The Empty Man

The Empty Man ★★★½

One night while attending the local drive-in earlier this year, I found my eyes drifting over to an adjacent screen showing something totally unfamiliar to me. It wasn't the usual display of "Tom & Jerry" or Robert De Niro slumming it in some grandpa-centric kids movie. It looked like something about mountain climbers. Looked sort of ominous and then suddenly there was James Badge Dale. That guy hasn't headlined a movie in years. What the hell was playing over on screen 3? It took some detective work when I got home to discover something called THE EMPTY MAN, a shelved movie that had gotten lost in the 20th Century Fox acquisition. Not many people were talking about it at the time, but in the months since its release it had developed something of a cult following. Now having finally caught up with it outside of my car, it's definitely a refreshing chiller that bucks a lot of the overly familiar Blumhouse trends.

The film starts with a 20 minute cold open on a snowy mountaintop. Four hikers get stranded there after one of them begins to exhibit strange behavior as if controlled by some unseen force. The tension builds, with some truly frightening moments as it becomes clear that these kids took a bite out of the wrong York Peppermint Patty. The sequence ends and the setting changes to a small suburban town. So wait. What was with those hikers? Who were they? And what exactly happened to them and why? Were we going to find out? Because it all feels pretty far removed from the next portion of the story. This sequence ended up being the highlight of the film and it was so nice to be watching something that wasn't in a rush to explain every loose thread to me. No doubt there were some Disney executives arguing during the film's stay in limbo that maybe that lengthy standalone sequence should just be cut to give viewers a nice pat running time that won't stretch past the 2 hour mark, but it was definitely worth fighting to keep this opening in tact.

The main body of the film begins with James Badge Dale investigating the disappearance of a teen girl he was close with. After some questioning among her classmates, it seems that she vanished shortly after engaging in a little spook session with her friends in which she pretended to summon our titular ghoul. Looks like we have a boogeyman on our hands here. But this is (mostly) not your standard slasher in which a hooded figure leaps out from behind blind corners to give its protagonist and audience a jolt. This is more akin to mystery structure of a film like "The Ring" or "Candyman," with the film being far more interested in what this being is and why he might be in the market for souls, rather than just an excuse to pile up bodies.

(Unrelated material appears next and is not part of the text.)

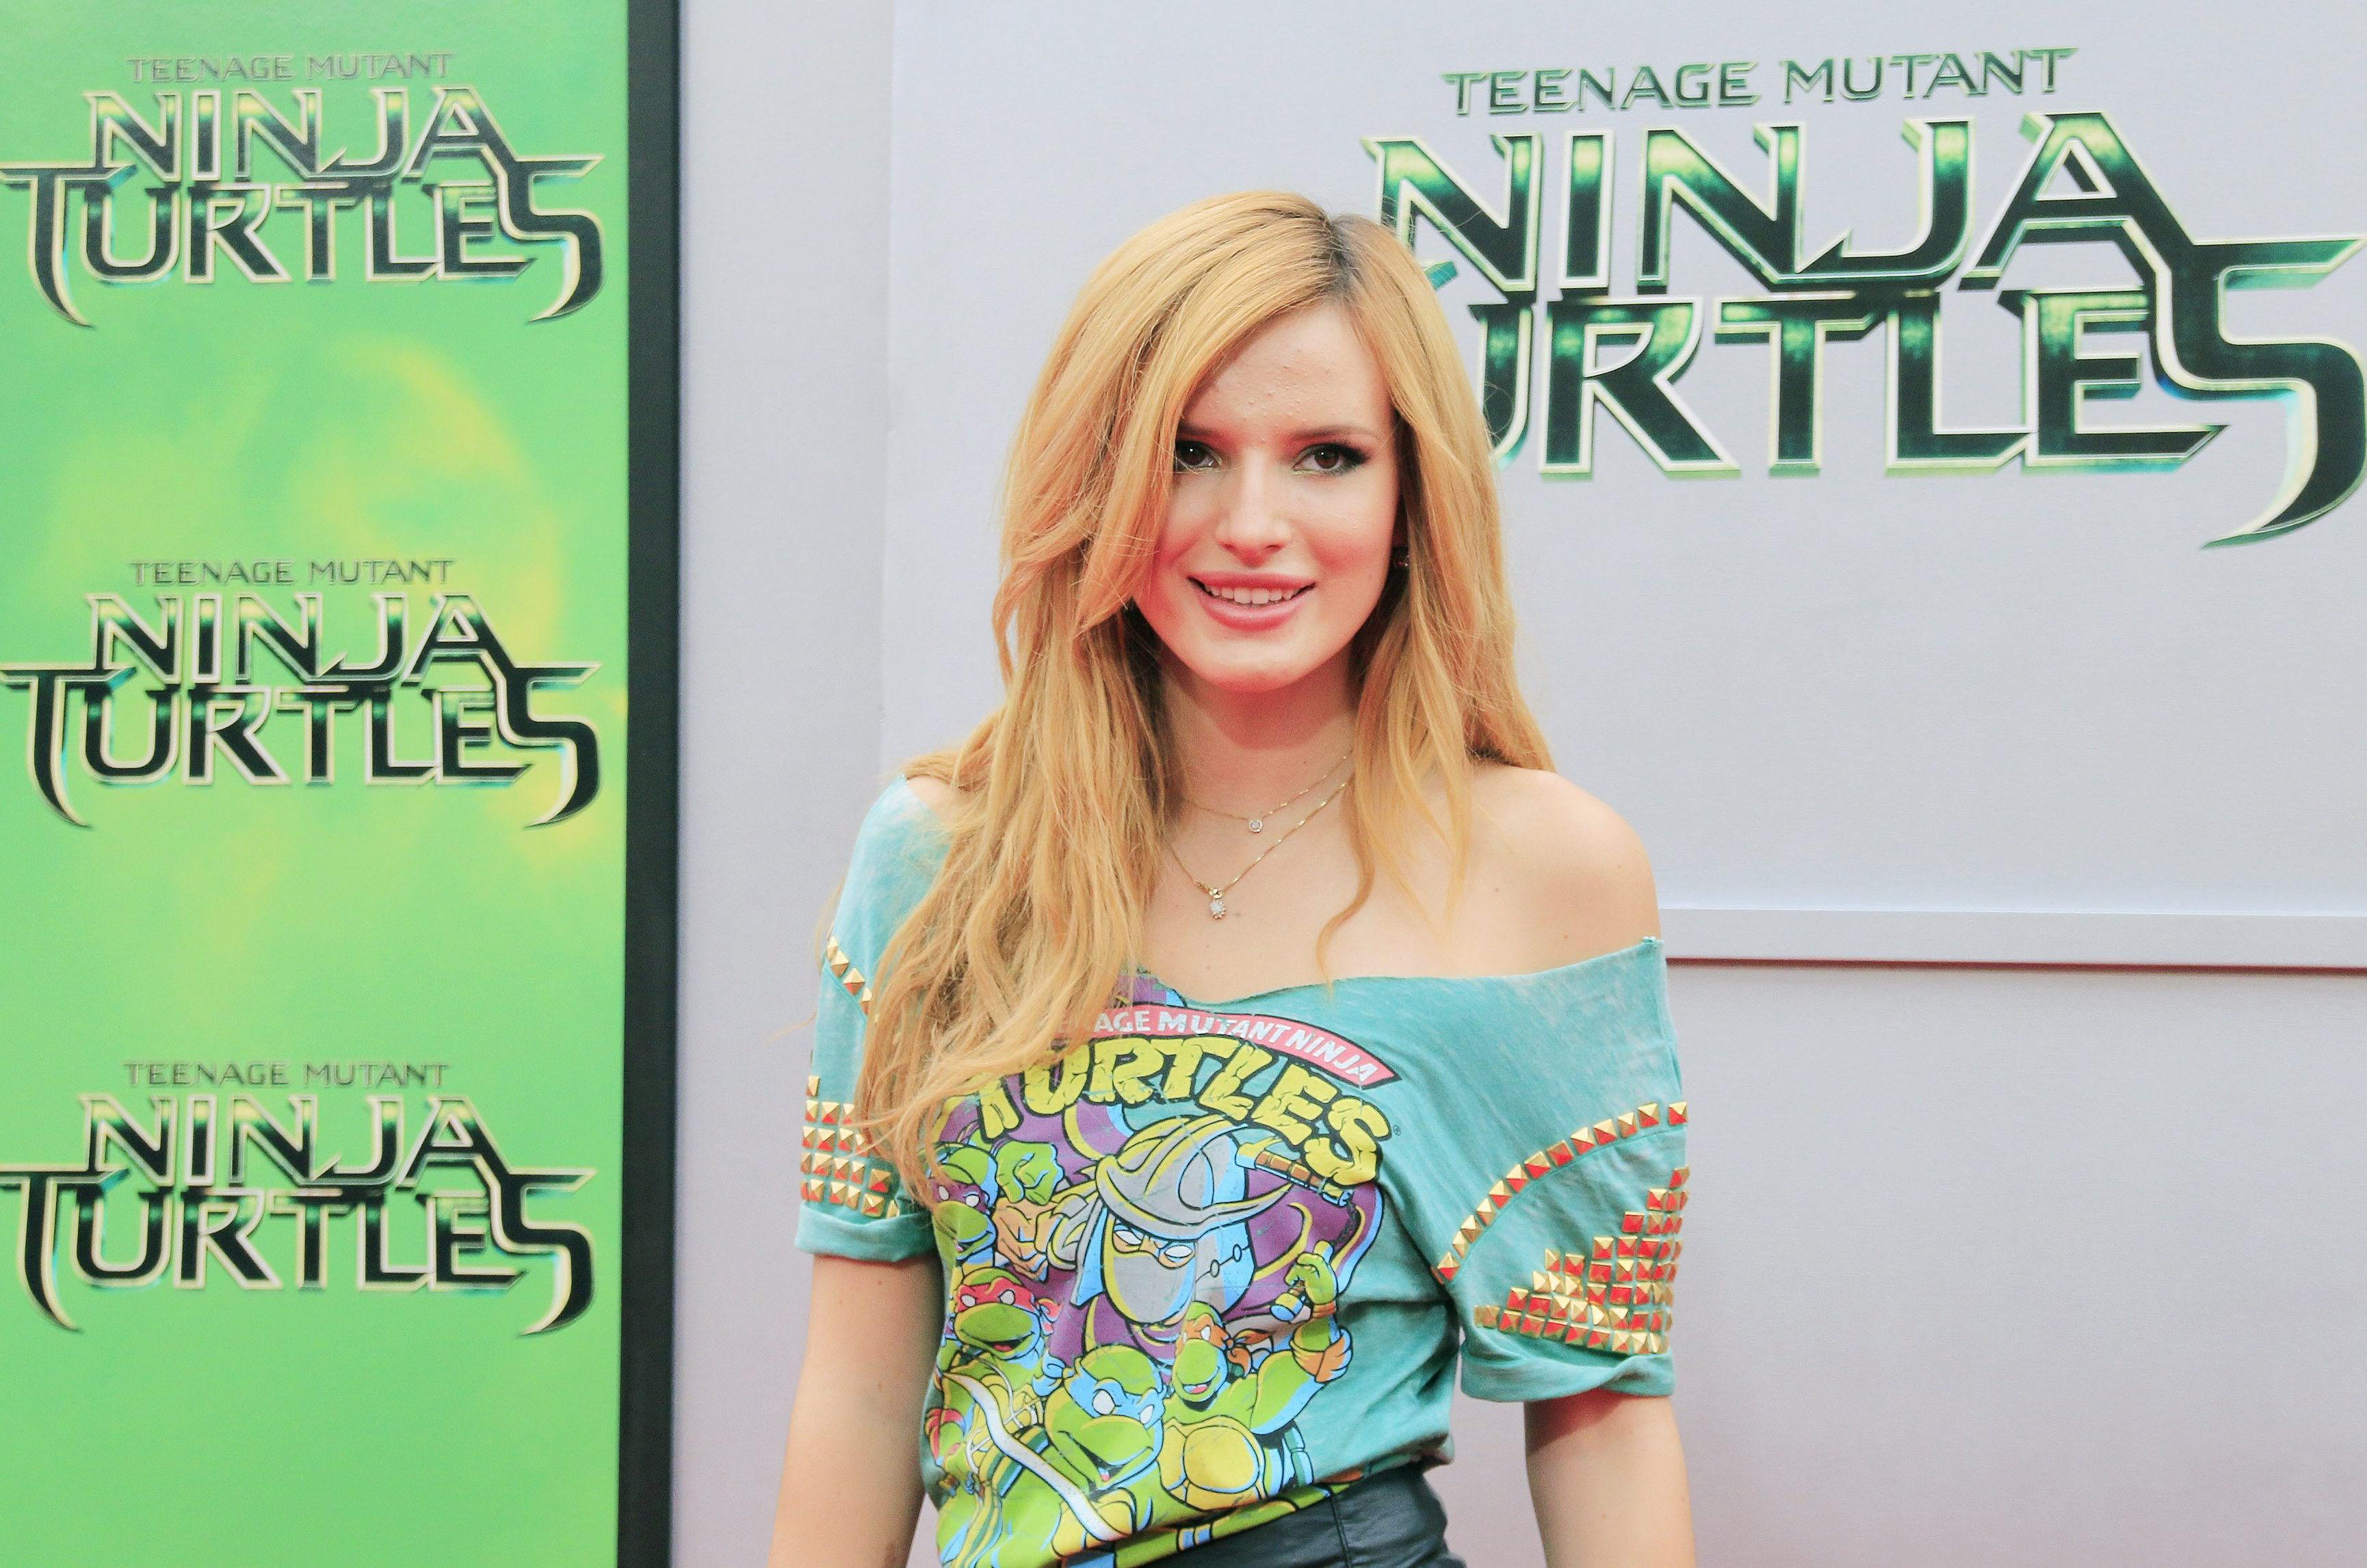 Actriz Porno Que Critica Los Deportes bella thorne pasó de ser actriz de disney al cine porno

Sadly, as is so often the case with these films, the more you find out about the origins of this mysterious figure, much of his power and scare factor fades away. There's some very memorable moments throughout the film, particularly a discovery in the woods that feels right out of "The Wicker Man," but nothing ever comes close to topping that opening sequence. With all the intrigue that the mystery builds to, it all unfortunately ends with a character verbally spelling out every connection that the less intelligent audience members weren't able to piece together themselves. Perhaps the movie needed this explicit exposition to bring it all home, but it's the first time the film felt like a conventional horror movie, even if the explanation was illuminating and overall satisfying. My biggest complaint about the end was that it wasn't delivered by an actress who I'm fond of who had absolutely nothing to do in the rest of the film. I was confident that she was in this movie for a reason and would get a chance to have her big moment by the end, but in this case I don't even think it qualified as a red herring. She was just poorly utilized.

I can't be too critical of this film though, because it does an exceptionally fine job with tropes that most films in its genre sleepwalks through. If it doesn't completely pull it off, well that's a minor quibble. This is very much the kind of horror film I want people to try to make, as opposed to getting ground up in the Blumhouse machine. I can only hope that Nia DaCosta's upcoming "Candyman" remake is able to focus on mythology as well as this does, without reducing itself to a series of jump scares. It's always refreshing when a horror figure's mythology boils down to more than just a nun realizing she looks kind of scary so she decides to devote all of her time to jumping out of closets. It's very nice that the kinds of horror fans I tend to associate with have really embraced THE EMPTY MAN, as it deserves some attention that won't simply result in a parade of sequels. This is what I'd like the future of mainstream horror to be. Now if only Jason Blum could give me some sort of magic wishing stone or monkey's paw to make that declaration to.